Conceived as the armored cruiser equivalent of the Deutschland-class battleships, Scharnhorst and her sister Gneisenau marked a shift in German warship design as the High Seas Fleet finally sought ships at least equal if not superior to those built by other navies.

Admiral Alfred von Tirpitz, the Imperial Navy’s state secretary, pushed the Deutschland class forward as quickly as possible, not wishing to entertain proposals for a larger and more capable design as that would require widening the Kiel Canal between the North and Baltic Seas. The resulting ship repeated the previous class to a large extent, and was much smaller, slower and more weakly armed than contemporary foreign battleships. But Tirpitz had five of them, and numbers counted more than firepower in his Risk Theory.

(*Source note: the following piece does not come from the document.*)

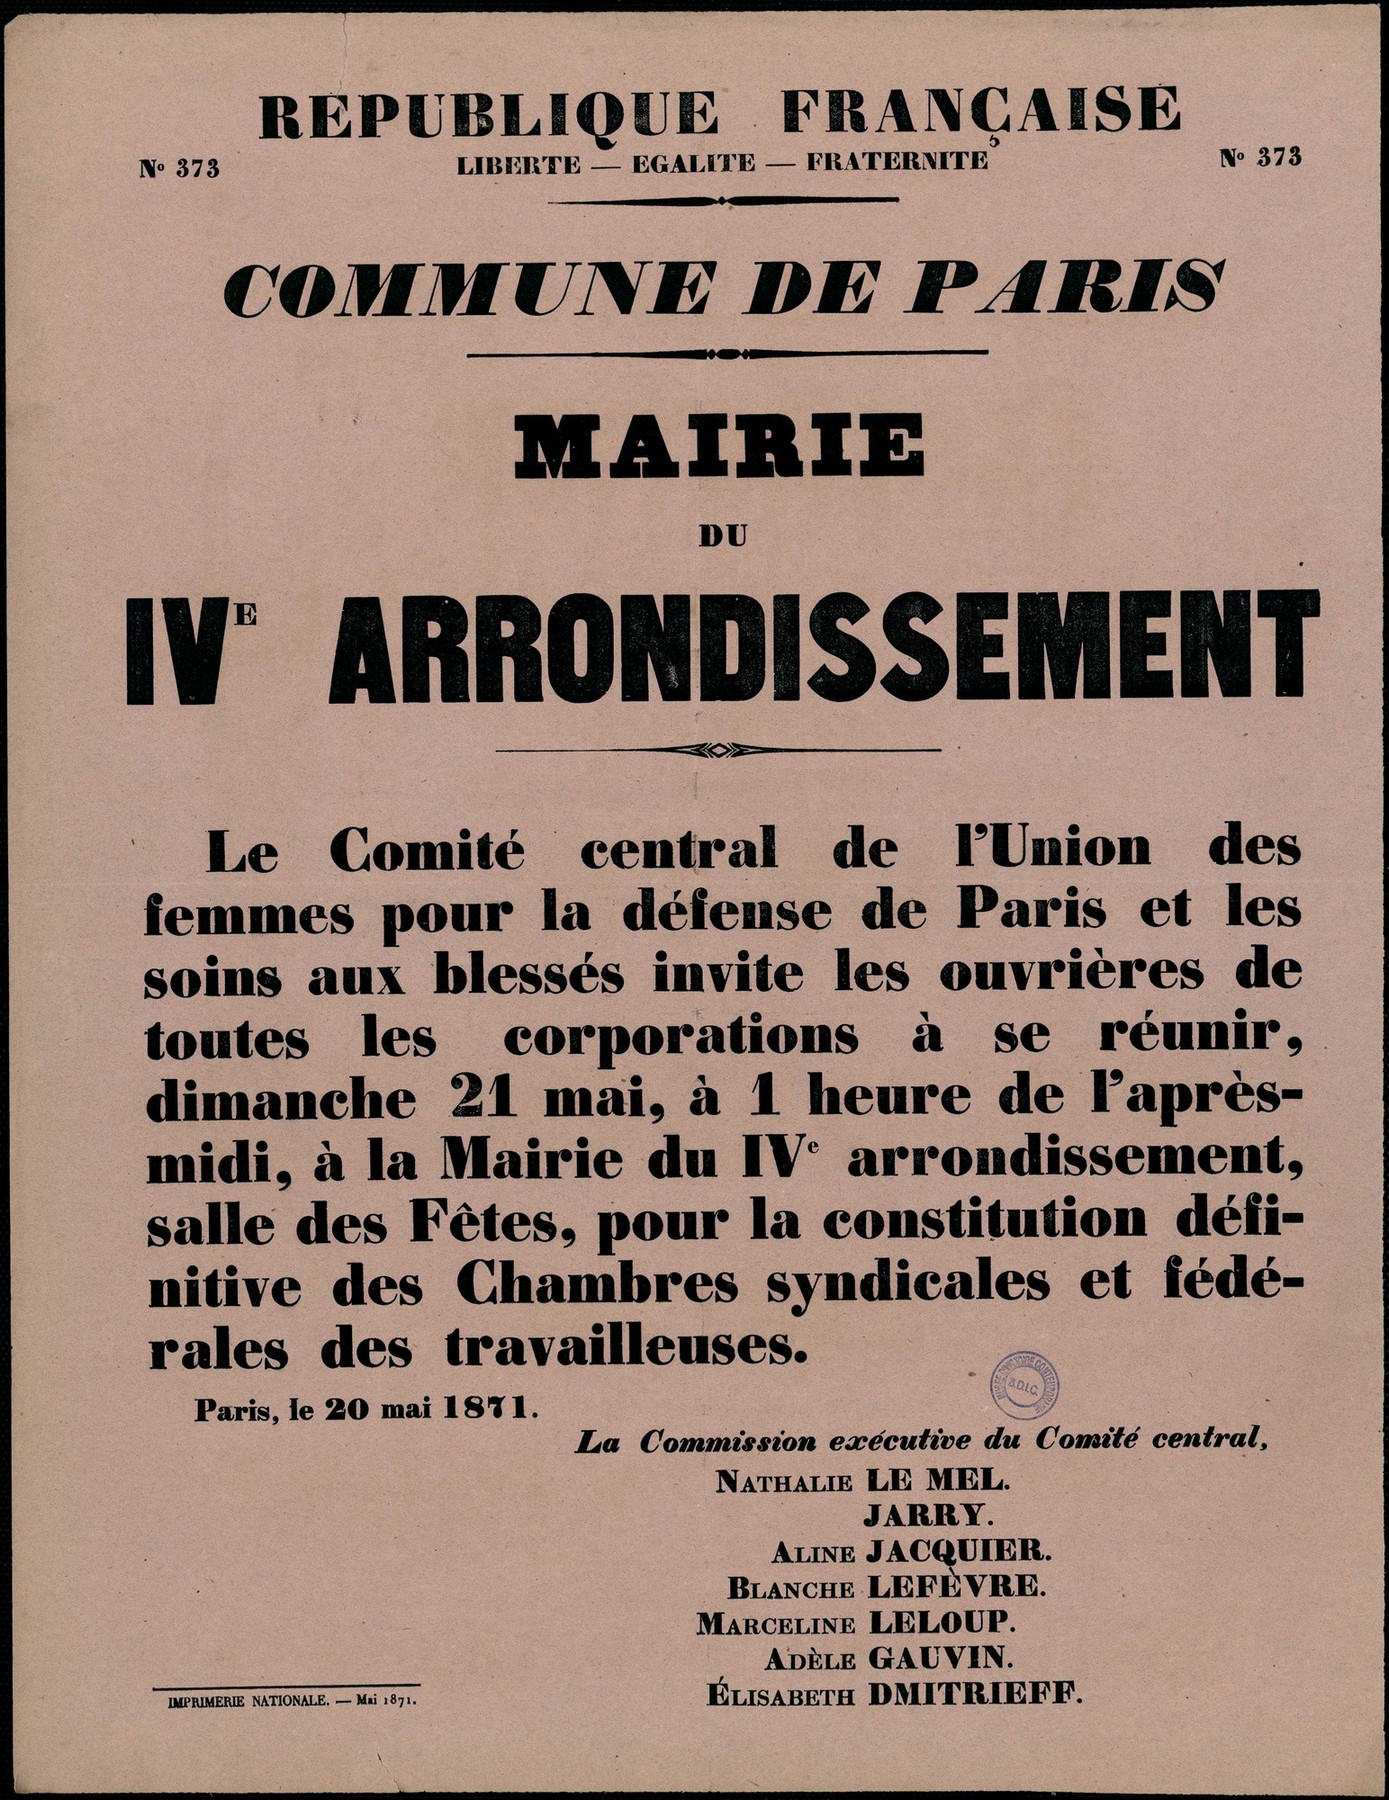 Affiche de la Commune de Paris N°373 du 20 mai 1871 - Appel pour une réunion le 21 mai à Paris 4e (source : La Contemporaine – Nanterre / argonnaute.parisnanterre.fr)

While Tirpitz is remembered for that flawed Risk Theory and his related obsession with battleship construction, he actually came up through the ranks as a cruiser commander. German armored cruisers were intended for service on overseas stations rather than with the High Seas Fleet in the North and Baltic Seas, and an ability to transit the Kiel Canal counted for far less than it did for a battleship.

Scharnhorst could therefore be larger than Deutschland, and represented an enormous leap forward in fighting power over her predecessor, the armored cruiser Roon. To start with she was much larger, displacing just under 13,000 tons (compared to 9,500 for Roon). She measured 144 meters long, compared to 127 meters for the older cruiser (the same 127 meters as battleship Deutschland). At the time she was laid down, Scharnhorst was the most expensive warship ever ordered in Germany (a record immediately broken by her successor, Blücher).

Roon had carried four 210mm (8.2-inch) L/40 heavy guns in a pair of twin turrets, one forward and one aft. Scharnhorst kept those and added two more on either beam, in casemate mounts within an odd pyramid-like armored citadel. She added six 150mm (5.9-inch) guns in the citadel, three on either beam; Roon had ten of them (Scharnhorst’s designers essentially replacing four 150mm guns with 210mm weapons).

The 210mm L/40 had been used since the Victoria Luise-class protected cruisers laid down a decade earlier; the Prinz Adalbert- and Roon-class armored cruisers had the same model twin turret as Scharnhorst. It had middling range (16,300 meters in a turret mount, 12,400 for the casemate-mounted guns, which had much less elevation), but did slightly out-range the crapulent 9.2-inch guns of British armored cruisers. The next German armored cruiser, Blücher, replaced these weapons with the far more effective L/45 model, but this gun had not been designed when Scharnhorst and Gneisenau were laid down.

For defense against enemy torpedo attack, the new cruiser carried eighteen 88mm (3.46-inch) guns, with eight of them mounted in fairly useless casemates in the hull, half well forward and half well aft, and ten in shielded mounts on the deck. She also had four torpedo tubes, one each at the bow, stern and either broadside.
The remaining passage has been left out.